Erciyes Üniversitesi (ERÜ) tarafından ‘Ortadoğu’nun Düğümü Filistin’ konulu oturum gerçekleştirildi. Oturumda konuşan Yard. Doç. Dr. Mehmet Öcal, yaşanan Mavi Marmara olayının İsrail ile olan ticari ilişkileri olumsuz etkilemediğini söyledi. TIPH Türkiye Eski Gözlemcisi Hasan Dereli ise, “İsrail, sözde Ermeni soykırımını destekleyip desteklememe konusunda handikap içinde dedi.
ERÜ Turizm ve Otelcilik Meslek Yüksek Okulu’nda gerçekleştirilen oturumu Prof. Dr. Metin Hülagü yönetti. Oturuma konuşmacı olarak katılan Oturumda konuşan ERÜ İktisadi ve İdari Bilimler Fakültesi Uluslar arası İlişkiler Bölümü Başkan Yardımcısı Yard. Doç. Dr. Mehmet Öcal, Türkiye’nin İsrail Devleti’ni ilk tanıyan ülkeler arasında olduğunu söyledi.
Türkiye’nin batılı duruşunu teyit etmek için İsrail ile olan ilişkilerini iyi tuttuğunu ifade eden Yard. Doç. Dr. Öcal, “Ortadoğu’da bulunan güçlü bir Türkiye, İsrail’in işine yarar. Türkiye’nin hava sahasını askeri tatbikatlarda kullanan İsrail için Türkiye çok önemli. Çünkü Türkiye’nin coğrafik yapısı İran ile hemen hemen aynı. İsrail, Türkiye üzerinden İran sınırına kadar uzanabilir” diye konuştu.

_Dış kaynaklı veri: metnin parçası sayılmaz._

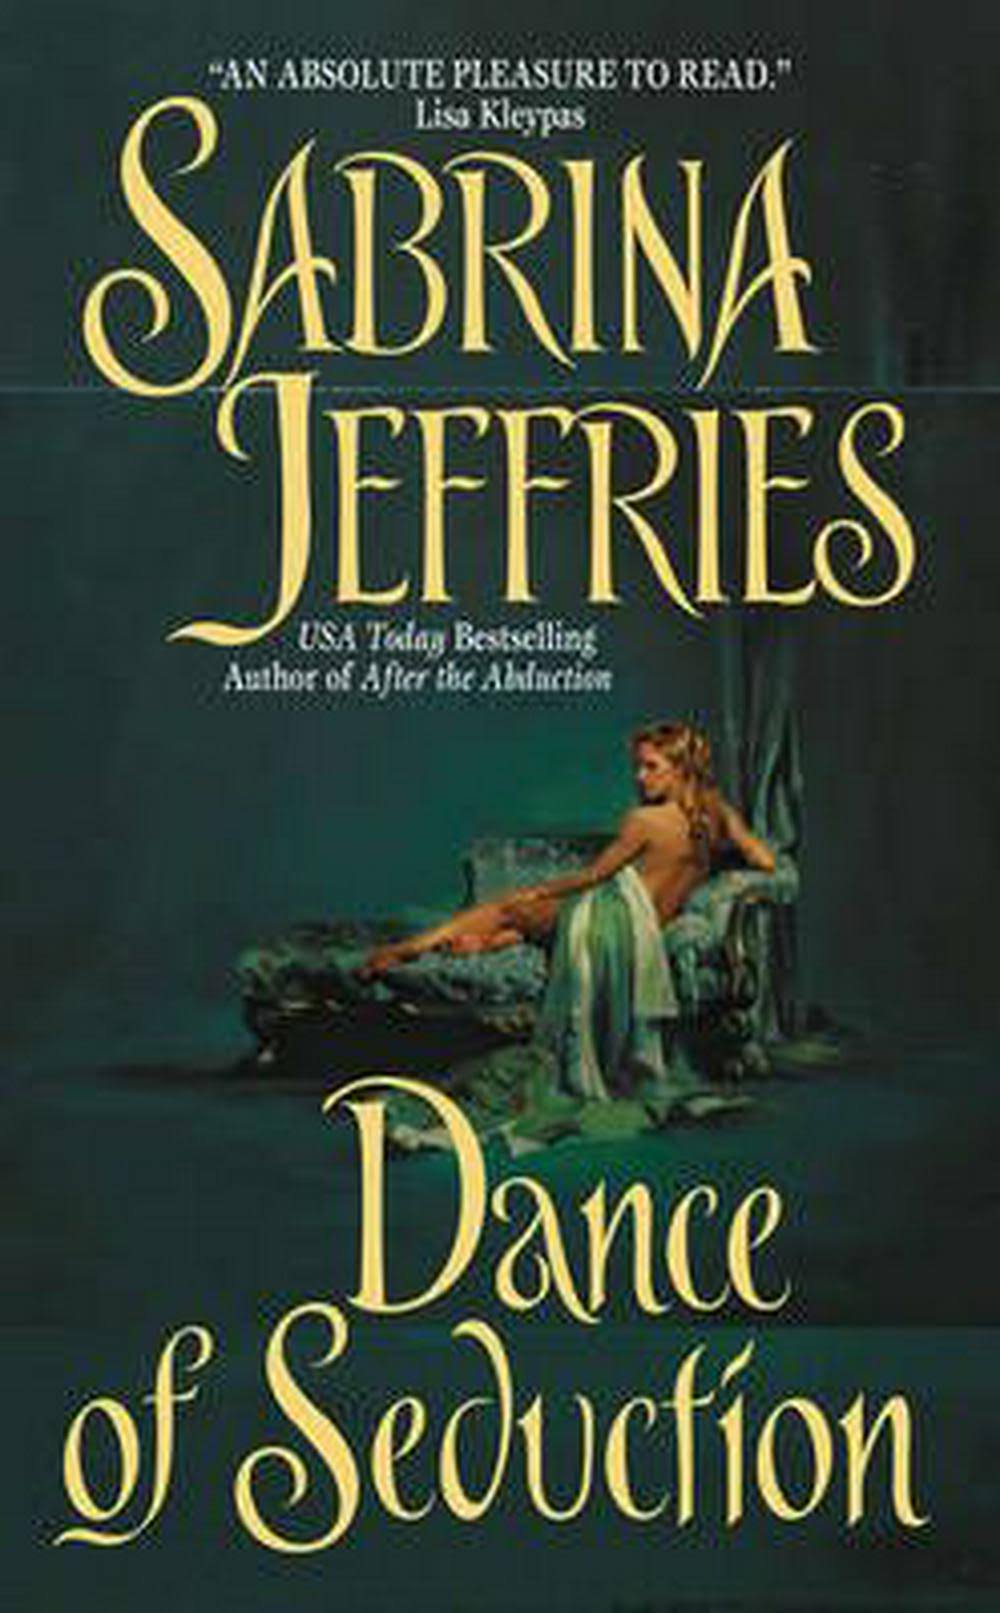 Dance of Seduction [Book]

İsrail ile 1990’lı yıllarda ilişkilerin arttığını, 1995 ve 1999 yılları arasında Filistin ile ilgili yaşananlar nedeniyle ilişkilerin düzeyli bir seviyeye indirildiğini anlatan Yard. Doç. Dr. Öcal, “200’li yıllarda Ecevit, İsrail’i soykırım yapmakla suçladı. AK Parti Hükümeti ise sürekli olarak İsrail’i eleştirdi. Bu durum İsrail’de tepkiyle karşılandı. Ancak geçtiğimiz yıl yaşanan Mavi Marmara olayına baktığımız zaman, bu olay Türkiye ile İsrail arasındaki ticari ilişkileri olumsuz yönde etkilemedi. Tam tersine İsrail ile olan ticari ilişkiler geçtiğimiz yıllara oranla daha da arttı” dedi.

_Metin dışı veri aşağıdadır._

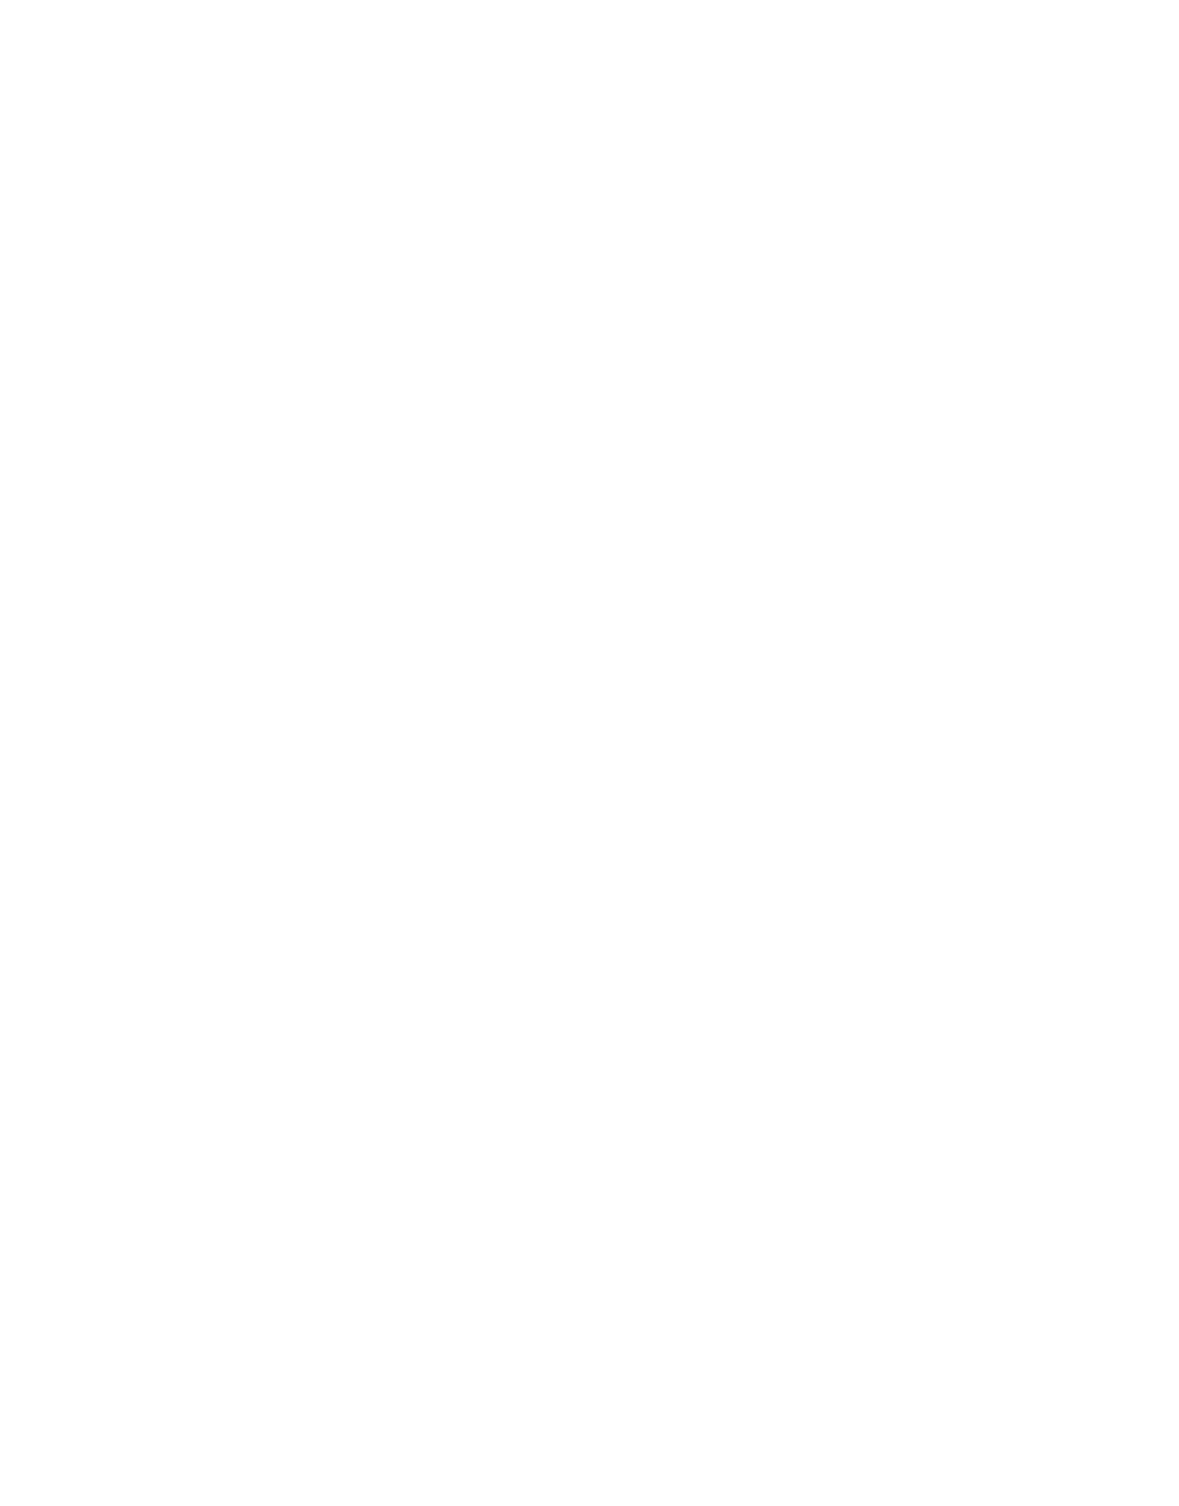 Playstudios logo for dark backgrounds (transparent PNG)

Mavi Marmara olayı sonrasında yayınlanan Palmer Raporu’nu sanki İsraillilerin yazarak üyelere dağıttığı algısının oluştuğunu ifade eden Yard. Doç. Dr. Öcal, “Bu rapor sonrasında, İsrail’in uluslar arası arenada ne kadar etkili olduğunu görüyoruz” diye konuştu.
Yaşananlar sonrasında, Türkiye’nin Arap ülkelerinin lideri durumuna geldiğini, İsrail’in ise Ortadoğu’da yalnız bırakıldığını söyleyen Yard. Doç. Dr. Öcal, “Bu durumun olumsuz etkileri ise, terörün azması ile sözde Ermeni soykırımının kabul edilmesi konularında Türkiye’ye etkisi oluyor” ifadesinde bulundu.

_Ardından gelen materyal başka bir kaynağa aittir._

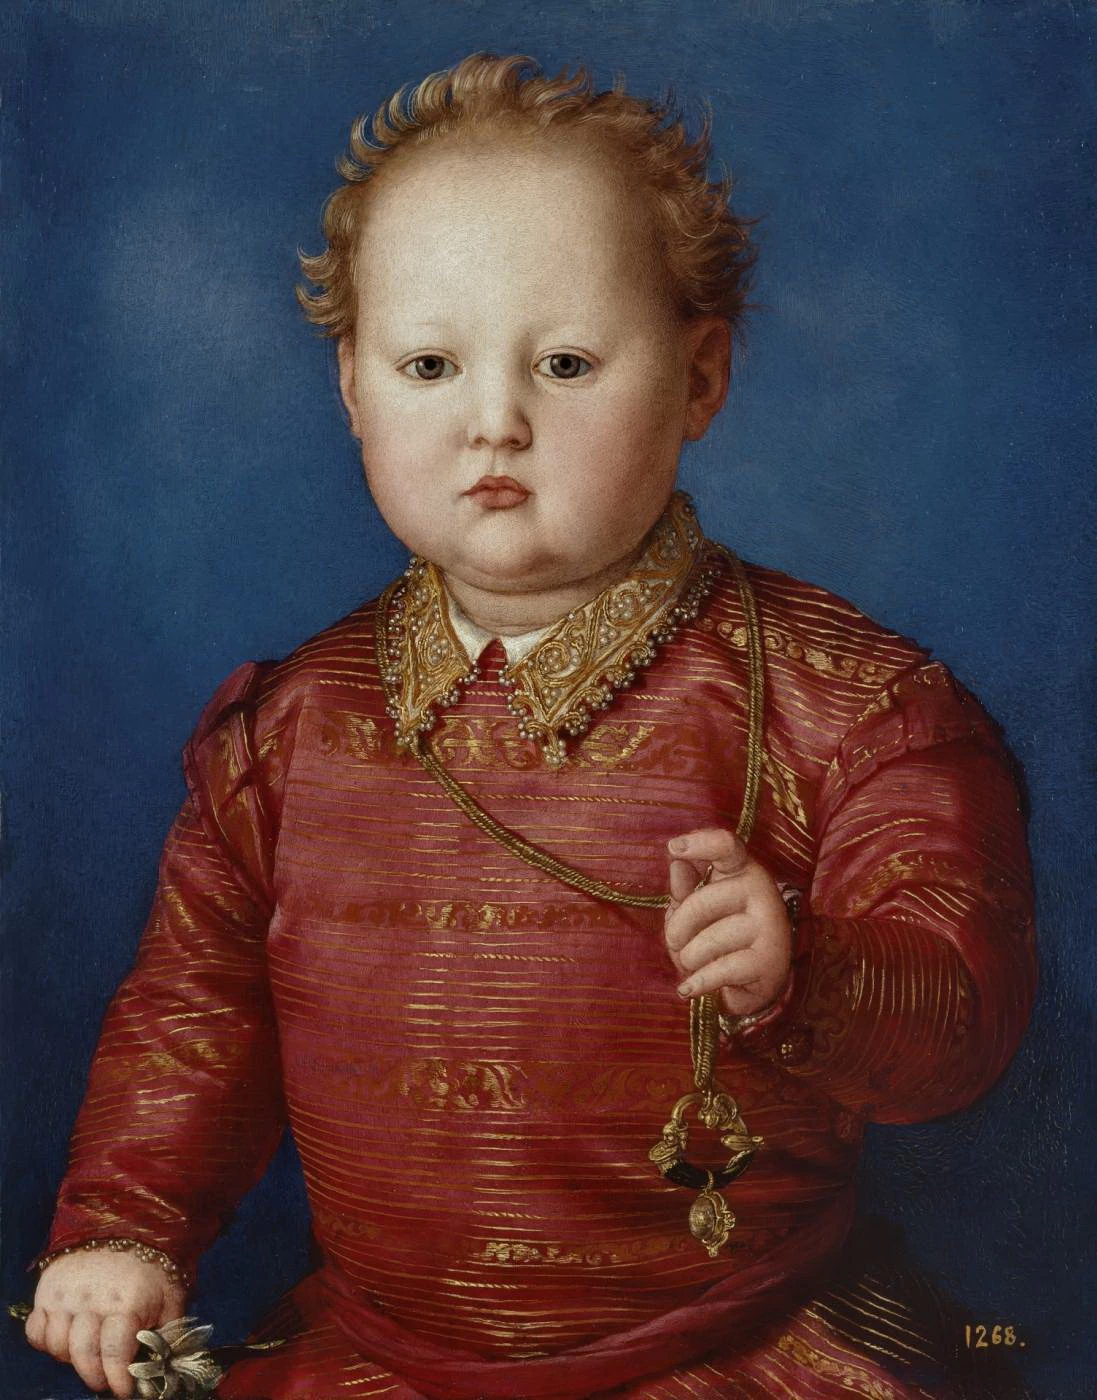  93-Ritratto di don Garcia de Medici-Museo del Prado, Madrid

Oturumda, Mescid-i Aksa hakkında ve Filistin’de yaşananlar hakkında bilgi veren TIPH Türkiye Eski Gözlemcisi Hasan Dereli, İsrail’in sözde Ermeni soykırımını destekleme konusunda handikabının bulunduğunu söyledi. Dereli, “Çünkü İsrail, Yahudi soykırımının dünyadaki tek soykırım olmasını istiyor. Bu nedenle Ermeni soykırımı iddialarını destekleyip desteklememek konusunda kesin karar vermiş değil” dedi.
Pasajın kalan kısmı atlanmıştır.